Imaging the hybridized eigenmodes of a confined magnetic vortex resulting from propagating spiral spin waves from the core

The hybridized spin wave modes of a ferromagnetic vortex confined to a microscale disc have been directly observed in response to a microwave field excitation using time-resolved scanning Kerr microscopy. Micromagnetic simulations demonstrate that the observed curling nature of confined spin waves in the region of circulating in-plane magnetization is a result of the hybridization of different gyrotropic eigenmodes of the vortex core with the azimuthal (4 - 9 GHz) and radial (~10 GHz) eigenmodes of the in-plane magnetization. Hybridization with the fundamental gyrotropic mode leads to splitting of azimuthal modes with counter propagating wavevector, while hybridization of an azimuthal mode with the first-order gyrotropic mode allows the direction of the core gyration to be determined through hybridization rules. A higher frequency radial mode reveals evidence of excitation at the disc perimeter, but also evidence of hybridization with the first higher order gyrotropic mode.
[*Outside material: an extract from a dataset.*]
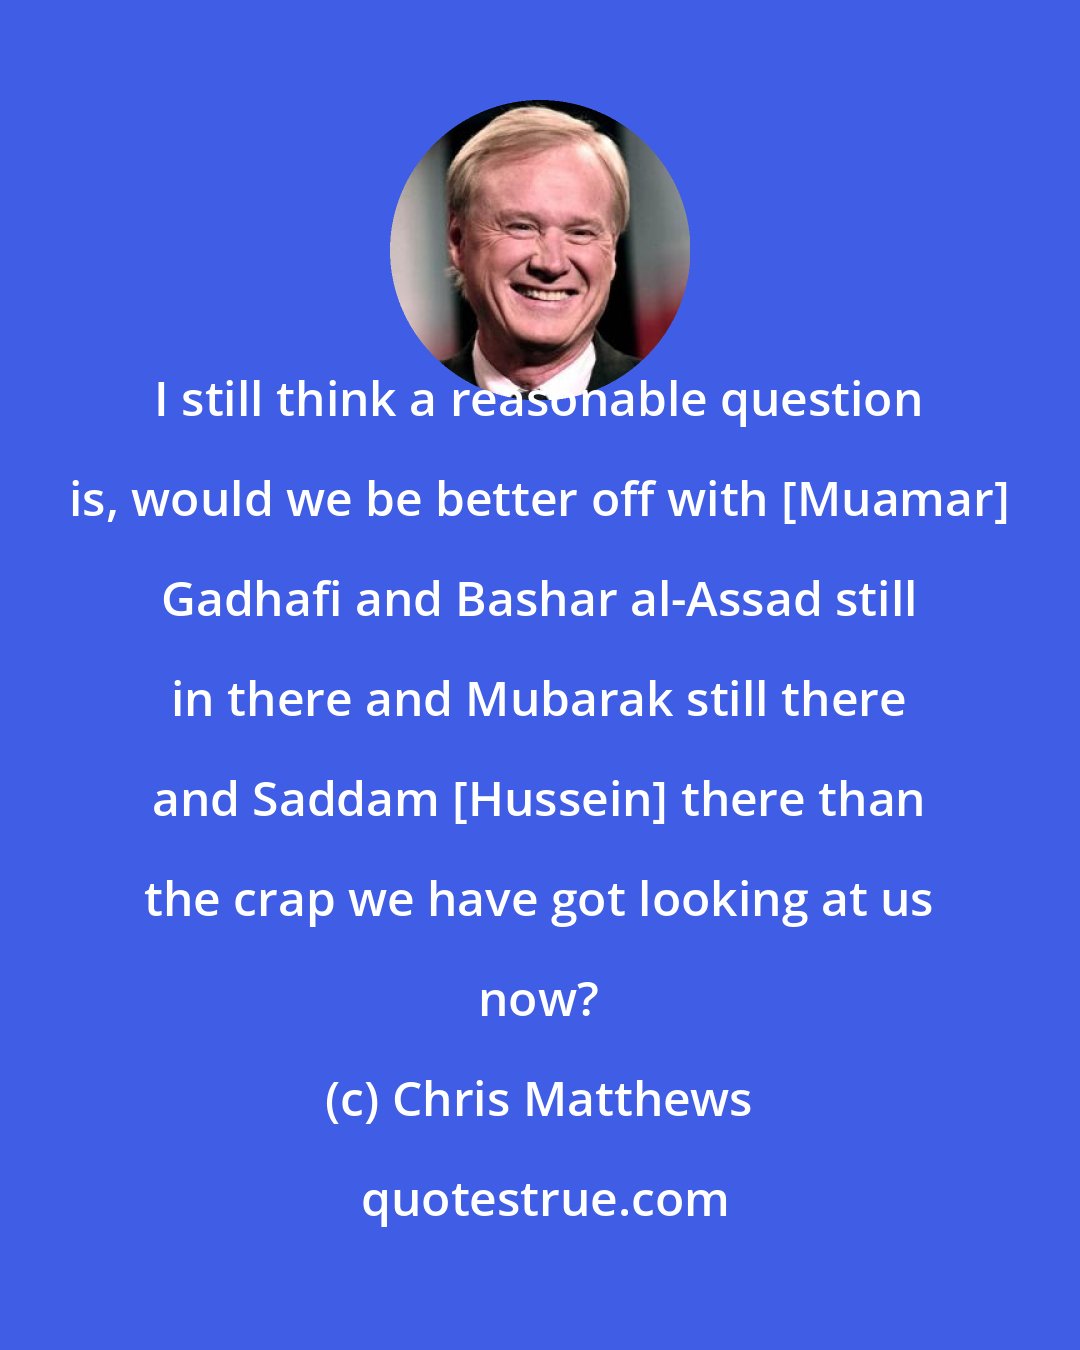 Chris Matthews: I still think a reasonable question is, would we be better off with [Muamar] Gadhafi and Bashar al-Assad still in there and Mubarak still there and Saddam [Hussein] there than the crap we have got looking at us now?

These experimental observations confirm the recent theoretical predictions of such hybridization. The measured spatio-temporal character of the hybridized modes is accurately reproduced by the simulations, which demonstrate that the mechanism for the hybridization is the emission of propagating short-wavelength spiral spin waves from the core. These results will have importance in the field of magnonics and spintronics that aim to utilize spin wave emission from highly localised, nanoscale regions of non-uniform magnetization, and their subsequent interaction with modes that may be supported nearby.